Дэн более не мог усидеть на месте. Поднялся. Но кабинет был маленький, а он — мужчина крупный, так что покружить по кабинету не было никакой возможности. Вот он и остался стоять, сунув руки в карманы.

— Вы можете сказать, что после того, как Хоффриц побил Реджину, она смогла вырваться из-под его влияния?

Мардж покачала головой:

— Даже после того, как Хоффрица вышибли из университета, Реджина приводила его в кампус на все мероприятия как своего кавалера.

Дэн вытаращился на нее.

— И он был ее единственным гостем на выпускном вечере.

— Святой боже!

— Им обоим страшно нравилось тыкать нас мордой в грязь.

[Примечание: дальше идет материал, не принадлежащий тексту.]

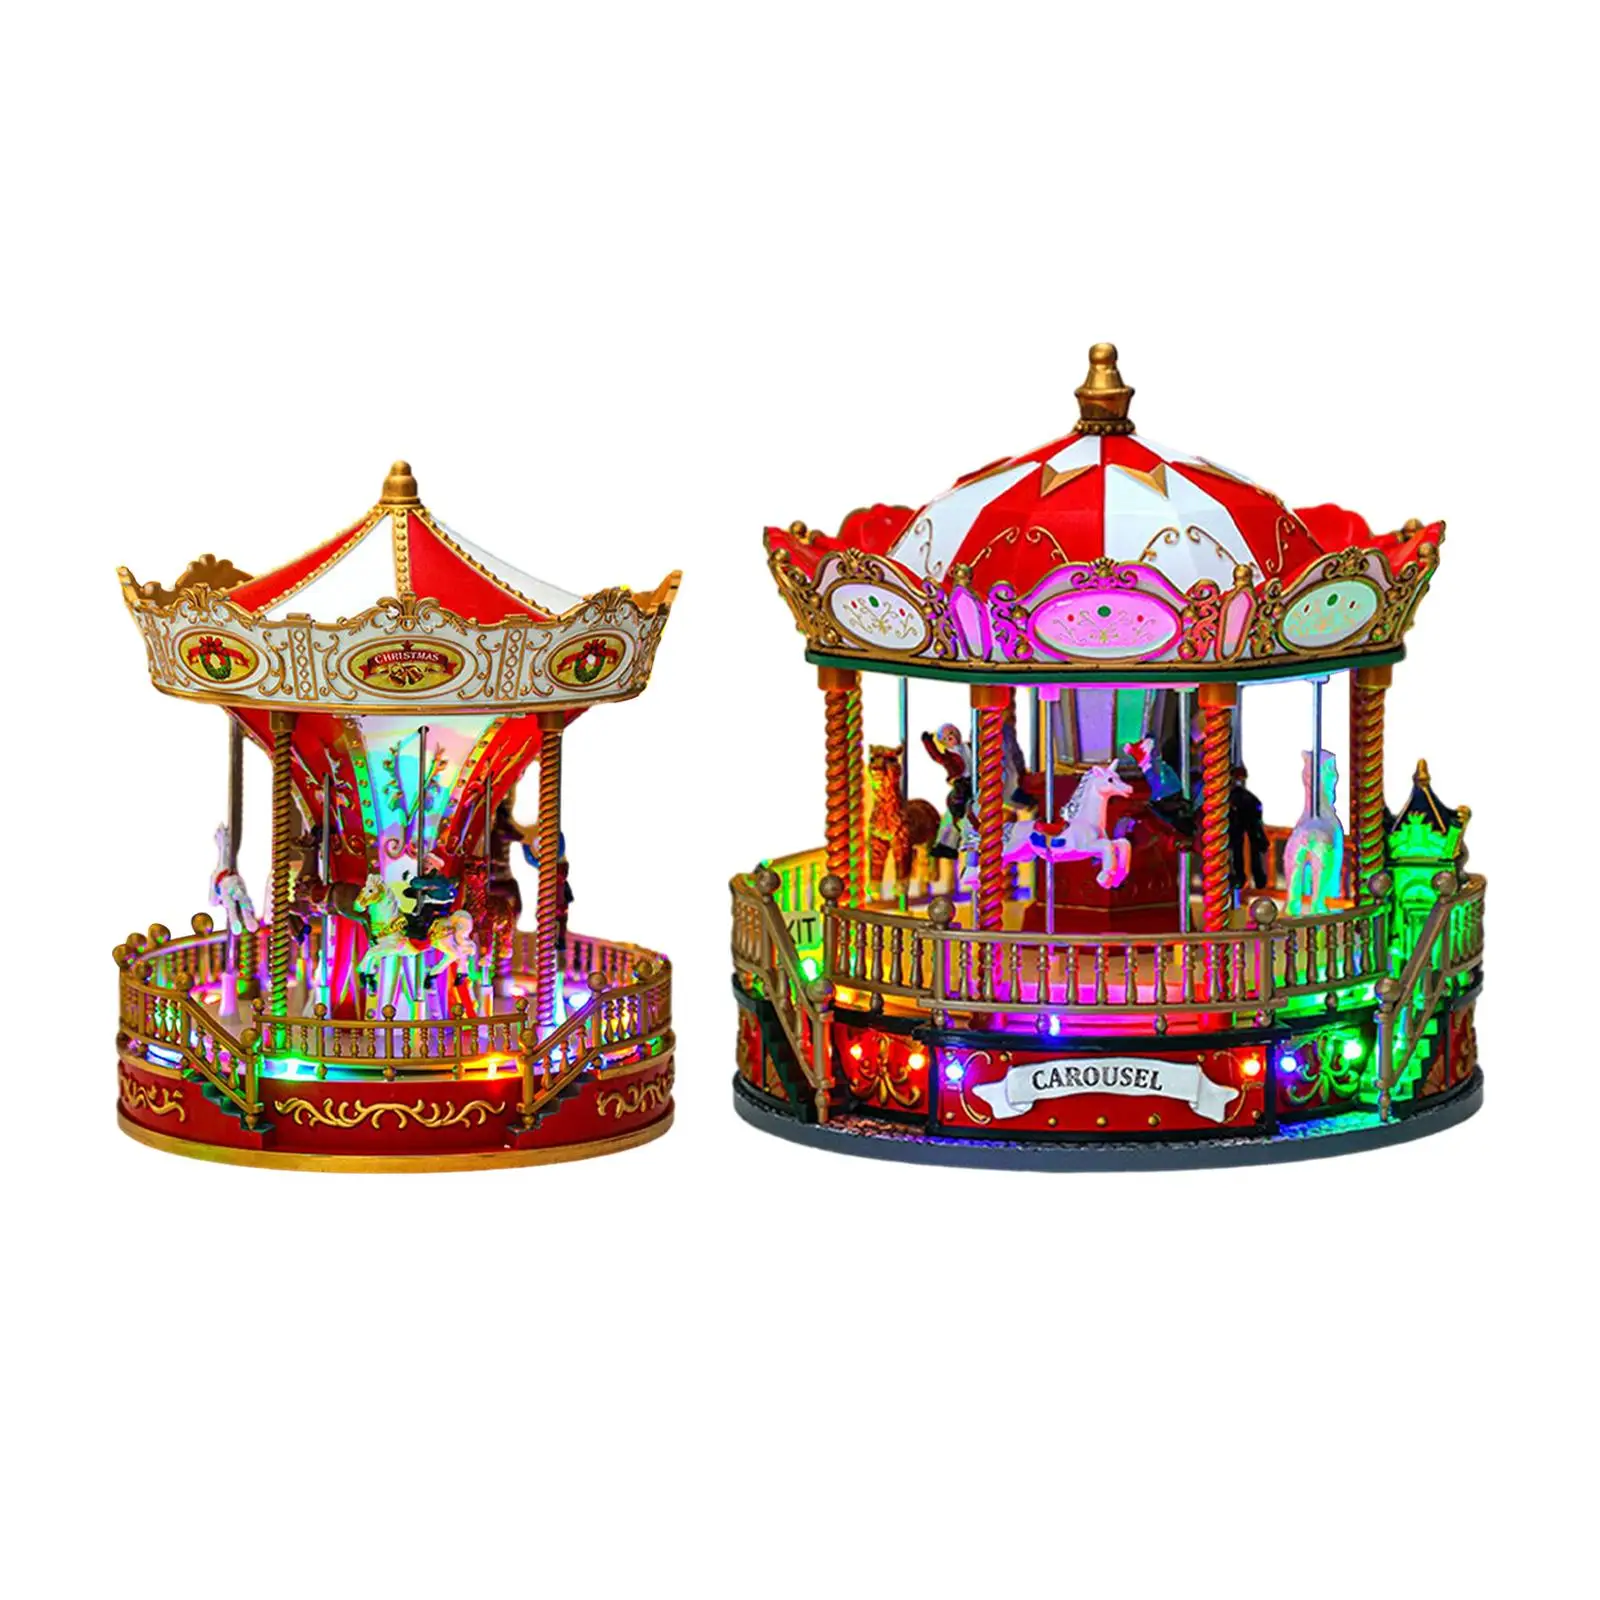 Christmas Carousel Music Box Musical Box with Music and Light Christmas Ornament for Festival Office Xmas Desk Decoration

— Этой девушке требовалась психологическая помощь.

— Да.

— Депрограммирование.

На добром лице психологини отразилась печаль. Она сняла очки, будто они вдруг стали слишком тяжелыми, потерла усталые глаза.

Дэн хорошо представлял себе, что чувствует сейчас эта женщина. Она любила свою профессию, хорошо делала то, что умела, установила для себя высокие личные стандарты. У нее имелись принципы и идеалы. Она чутко прислушивалась к голосу совести, верила, что такие люди, как Хоффриц, позорили не только профессию, но и всех тех, кто работал рядом с ним.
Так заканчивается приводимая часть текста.